A faculdade de enologia da Universidade da Califórnia, em Davis - UC Davis -, realizou uma grande pesquisa tendo como objeto a adequação de vinhas aos microclimas californianos, baseada na temperatura, criando uma espécie de sistema que os divide em uma escala de cinco zonas, indo da Zona I - a mais fria - até a Zona V - a mais quente. A partir desse estudo, todas as áreas com potencial para a vitivinicultura foram classificadas e as cepas mais adequadas a cada uma dessas áreas foram identificadas. As Zonas I a III são consideradas as com maior vocação para a produção de vinhos de qualidade superior.

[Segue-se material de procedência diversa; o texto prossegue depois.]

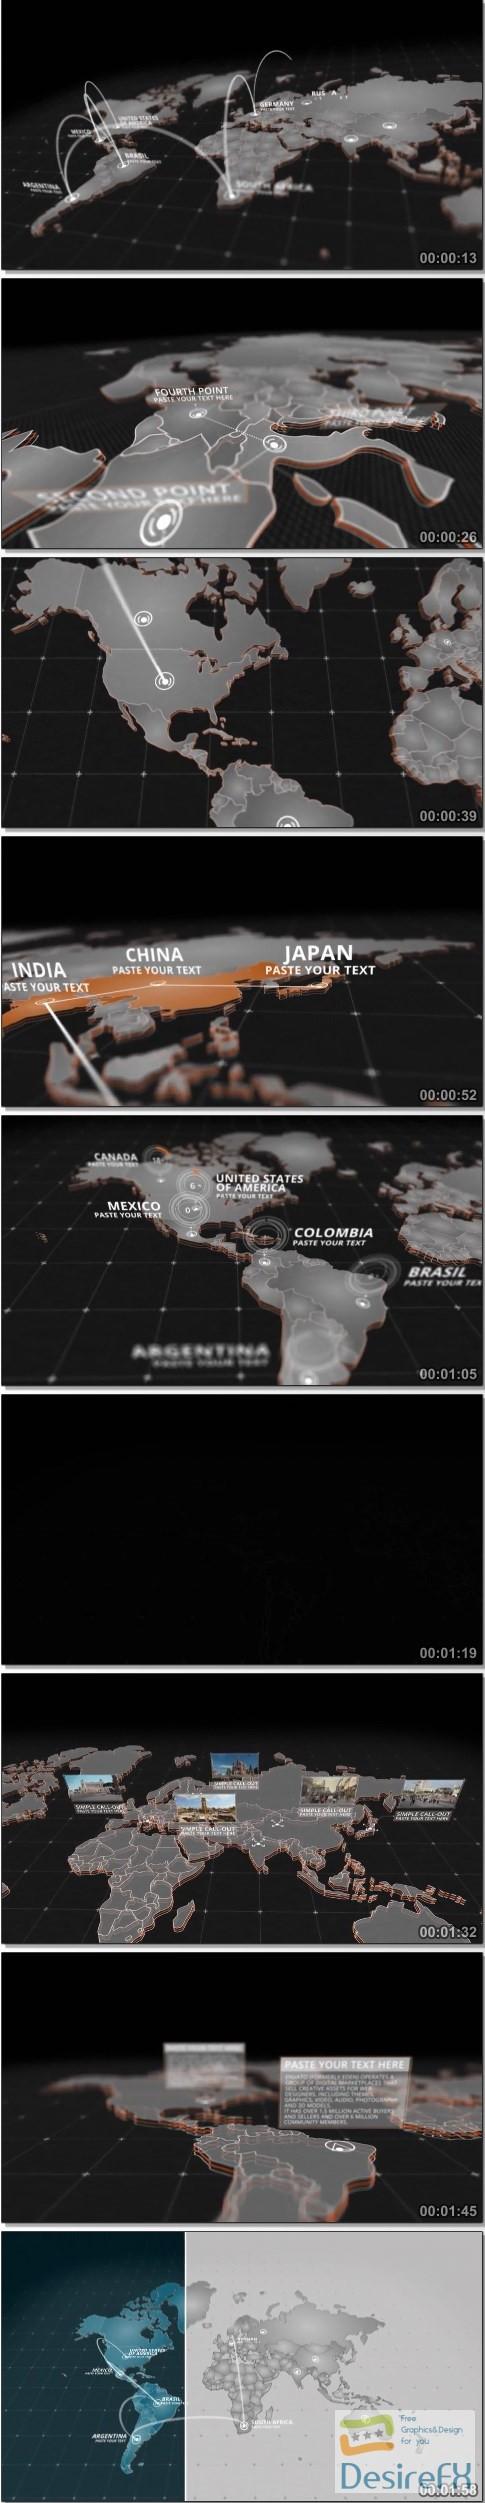 Desirefx download free videohive world map kit 20592273 after effects projects videohive world map kit 20592273 gumiabroncs Gallery

As correntes marítimas vindas do Oceano Pacífico exercem grande influência sobre o clima. Durante as manhãs, verifica-se brisa e neblina frias, que não só criam amplitude térmica, como também umidade necessária para a manutenção das vinhas. Os períodos de neblinas são especialmente importantes no final do mês de maio e no início do verão, quando o solo aquece e cria brisas que atraem para o continente os nevoeiros vindos do mar, fato que confere elegância ao vinho. Nas áreas onde não se verifica esse fenômeno, as temperaturas com frequência chegam a atingir 40oC no verão.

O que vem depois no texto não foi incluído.